-- AVAILABLE DATA --
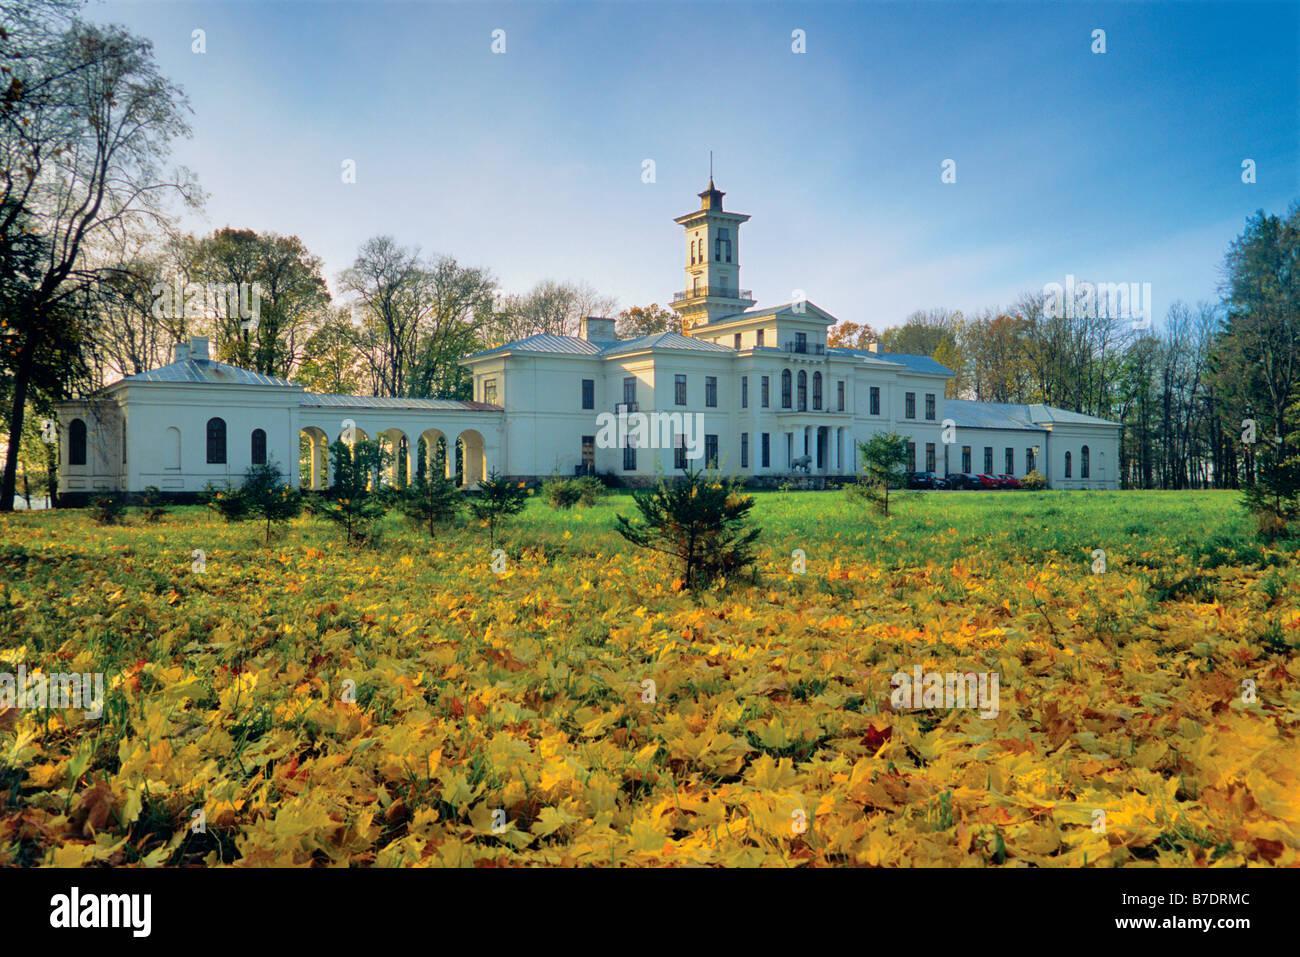 Tyszkiewicz (Tiškevičius, Tiškevičiai) manor at Astravas near Birzai Lithuania - Stock Image
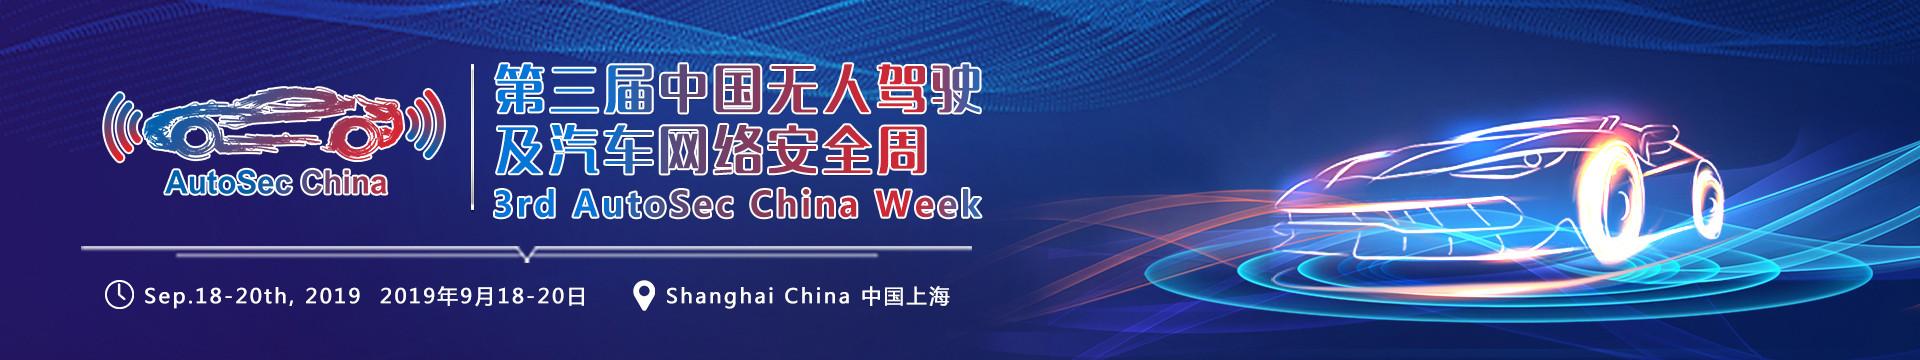 2019第三届我国无人驾驶及轿车网络安全周(AutoSec China Week)|上海
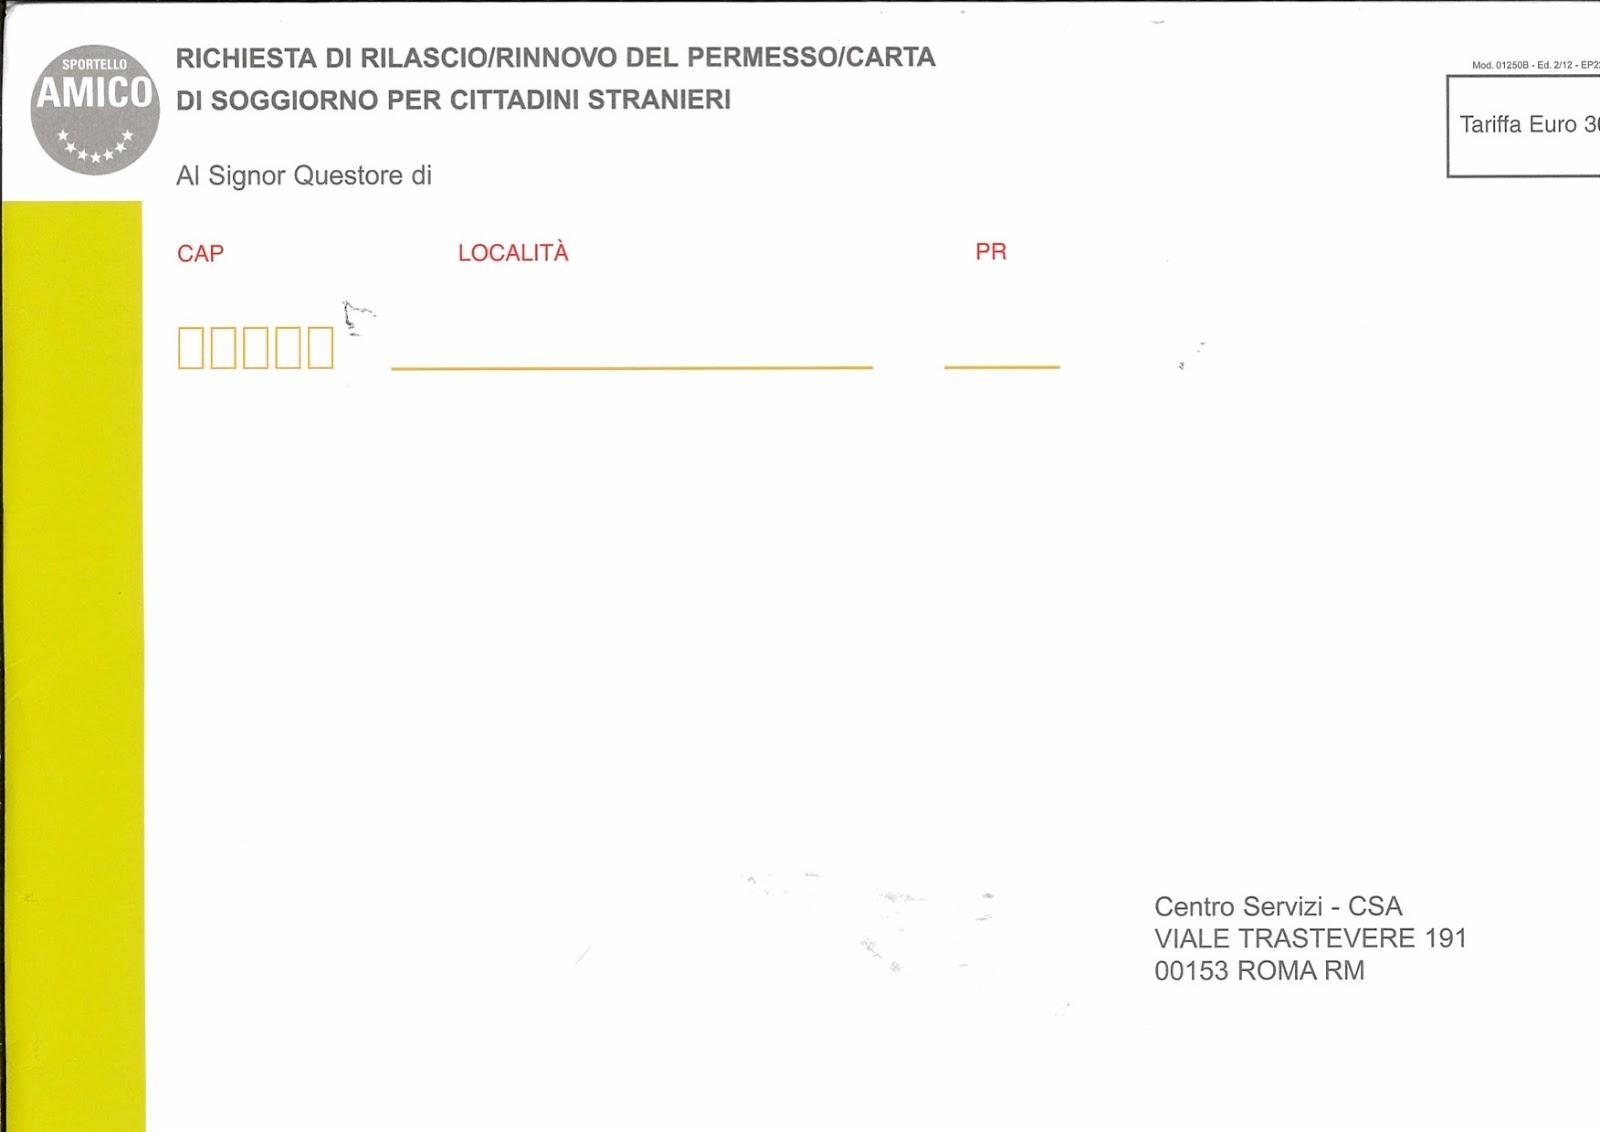 Controllo Permesso Di Soggiorno Online Treviso | Permesso Di ...

-- WORK ORDER --
An exact copy of every line above is needed, without the images.

-- FINISHED EXERCISE --
 Tyszkiewicz (Tiškevičius, Tiškevičiai) manor at Astravas near Birzai Lithuania - Stock Image
 2019第三届我国无人驾驶及轿车网络安全周(AutoSec China Week)|上海
 Controllo Permesso Di Soggiorno Online Treviso | Permesso Di ...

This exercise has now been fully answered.